Sessão homenageia Mossoró lembrando personalidades

Crispiniano, Antônio Francisco e Allyson Bezerra: homenagens em dia de festa (Foto: Eduardo Maia)

Por proposição do deputado Allyson Bezerra (Solidariedade), a Assembleia Legislativa do RN realizou em Mossoró no Teatro Lauro Monte Filho, à noite dessa sexta-feira (15), sessão solene pelos 167 anos de emancipação política do município.

Em sua fala, o parlamentar mossoroense enalteceu a “história de luta e resistência” que marca Mossoró, mas defendeu que não fique no passado apenas como uma lembrança, “mas que seja inspiração para o futuro, um futuro melhor”.

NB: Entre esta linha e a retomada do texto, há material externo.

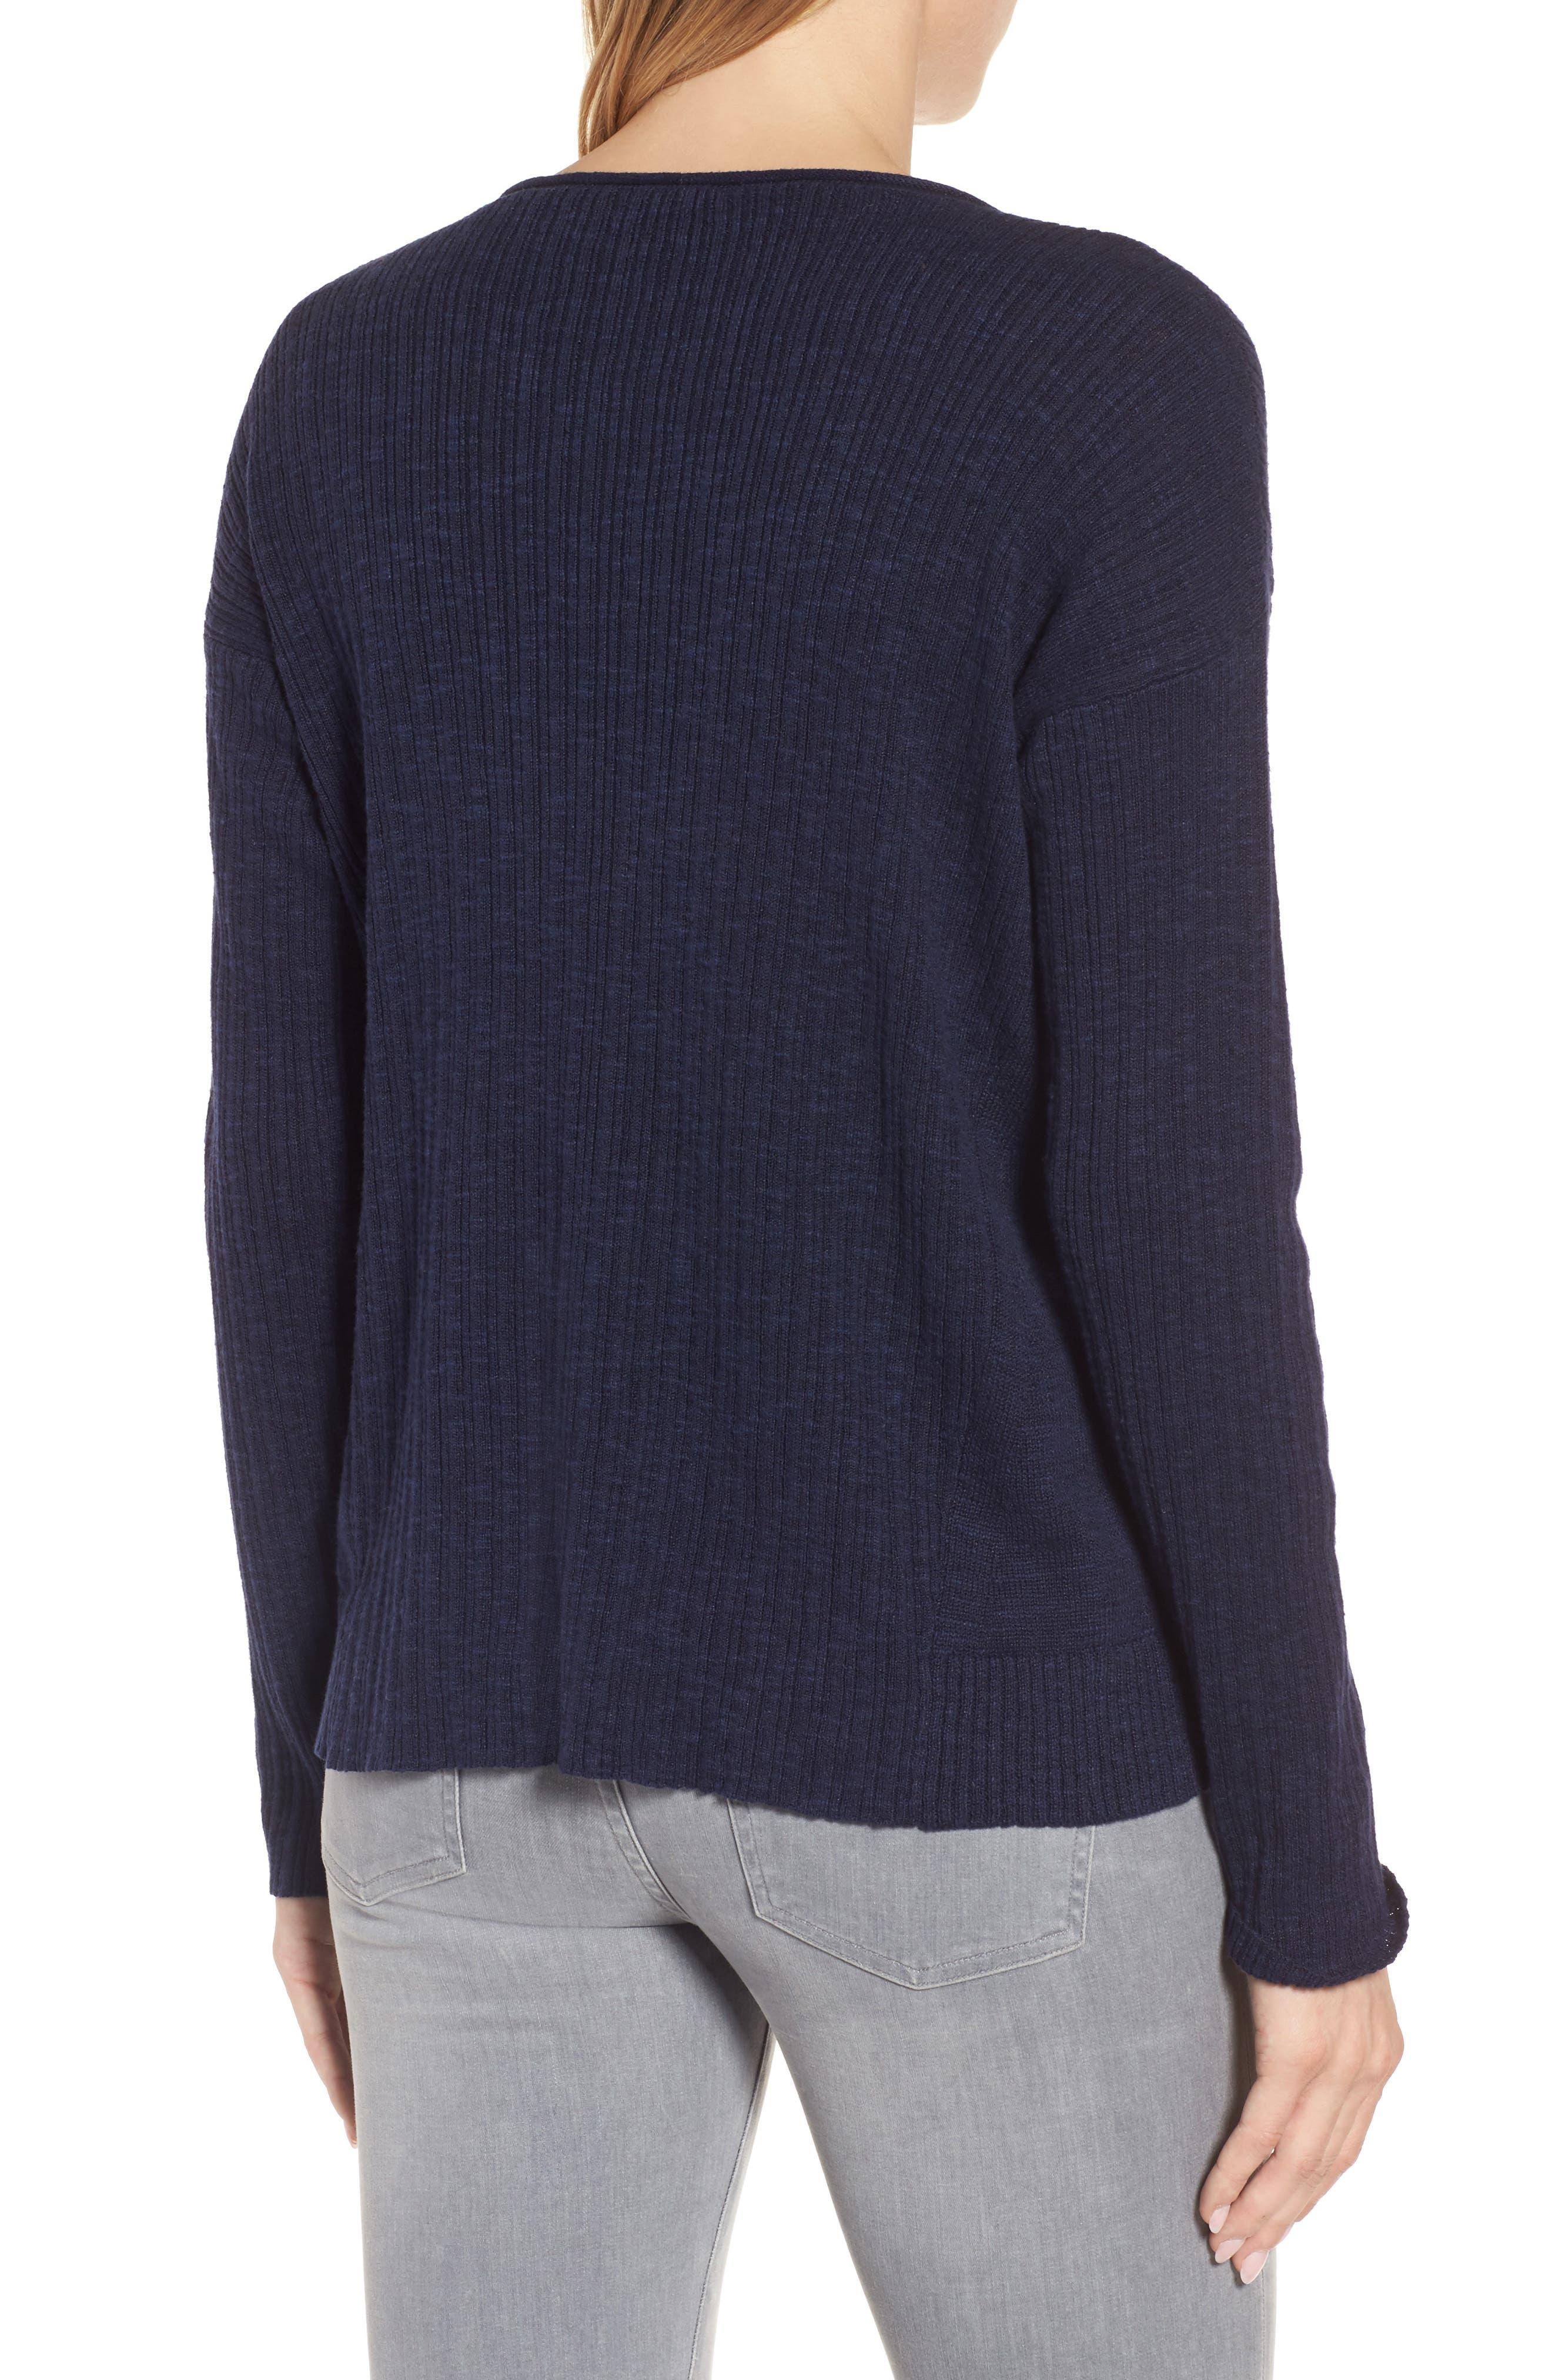 Organic Linen & Cotton Crewneck Sweater,                             Alternate thumbnail 10, color,

Nomes representativos de Mossoró foram homenageados, como Padre Sátiro Cavalcanti; o poeta mossoroense Antônio Francisco; o escritor David Leite; o pastor José Dantas Filho; o médico Cure de Medeiros; o servidor da Ufersa Francimar Honorato dos Santos; o jornalista Emery Costa; a pesquisadora Maria Lúcia da Escóssia e o ex-jogador de futebol do Potiguar Odilon Gomes de Almeida.

Homenageados

A apresentação cultural foi feita pelos poetas Antônio Francisco e o pequeno Moisés Marinho, de apenas 11 anos – que surpreenderam o público com um show de talento.

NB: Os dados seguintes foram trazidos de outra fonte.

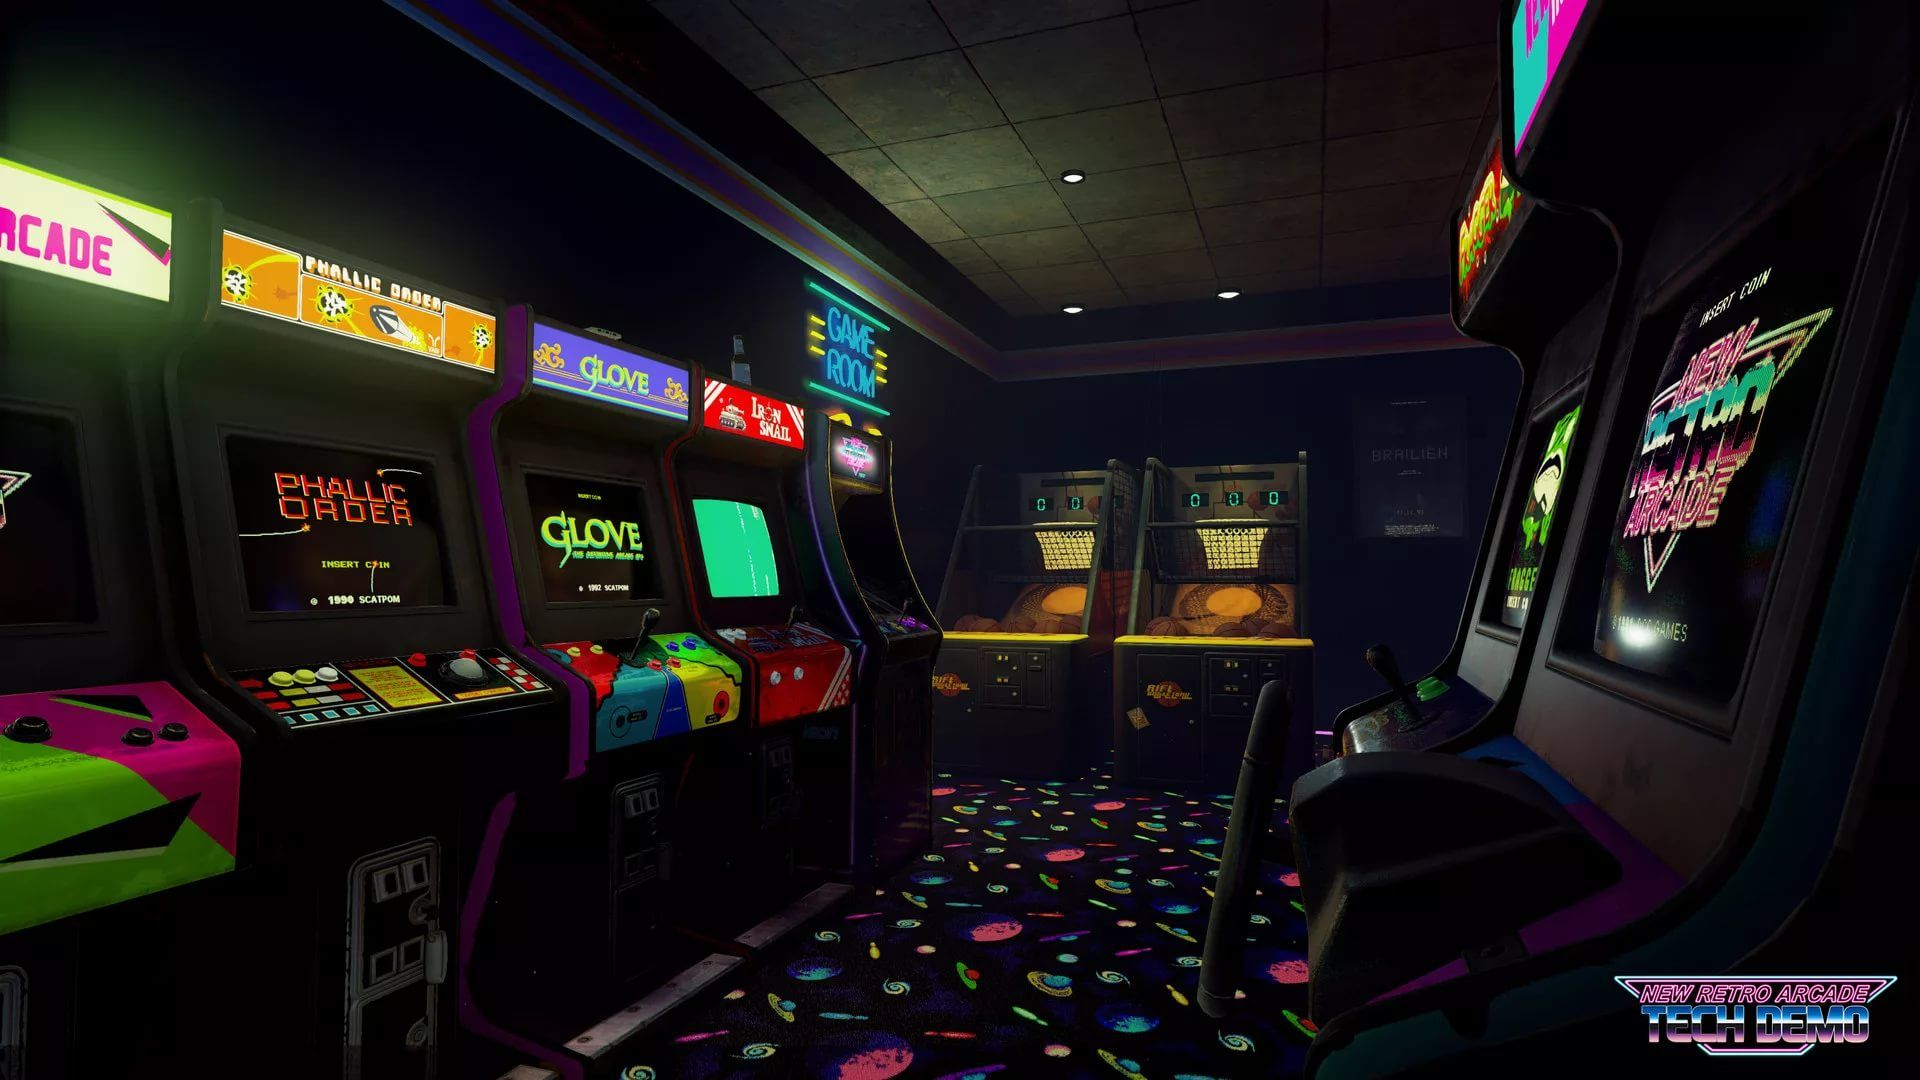 Arcade full screen hd wallpaper

Participaram ainda do evento, a deputada estadual Isolda Dantas (PT) e o deputado estadual Dr. Bernardo Amorim (Avante); o reitor da Universidade do Estado do RN (UERN) Pedro Fernandes Ribeiro; o vice-reitor da Universidade Federal Rural do Semiárido (UFERSA) José Domingues Fontenele Neto; a vice-prefeita de Mossoró Nayara Gadelha (PP); o presidente da Fundação José Augusto Crispiniano Neto e a presidente da Câmara de Mossoró Izabel Montenegro (MDB), bem como os vereadores Raério Araújo (PRB), Manoel Bezerra (PRTB) e Genilson Alves (PMN).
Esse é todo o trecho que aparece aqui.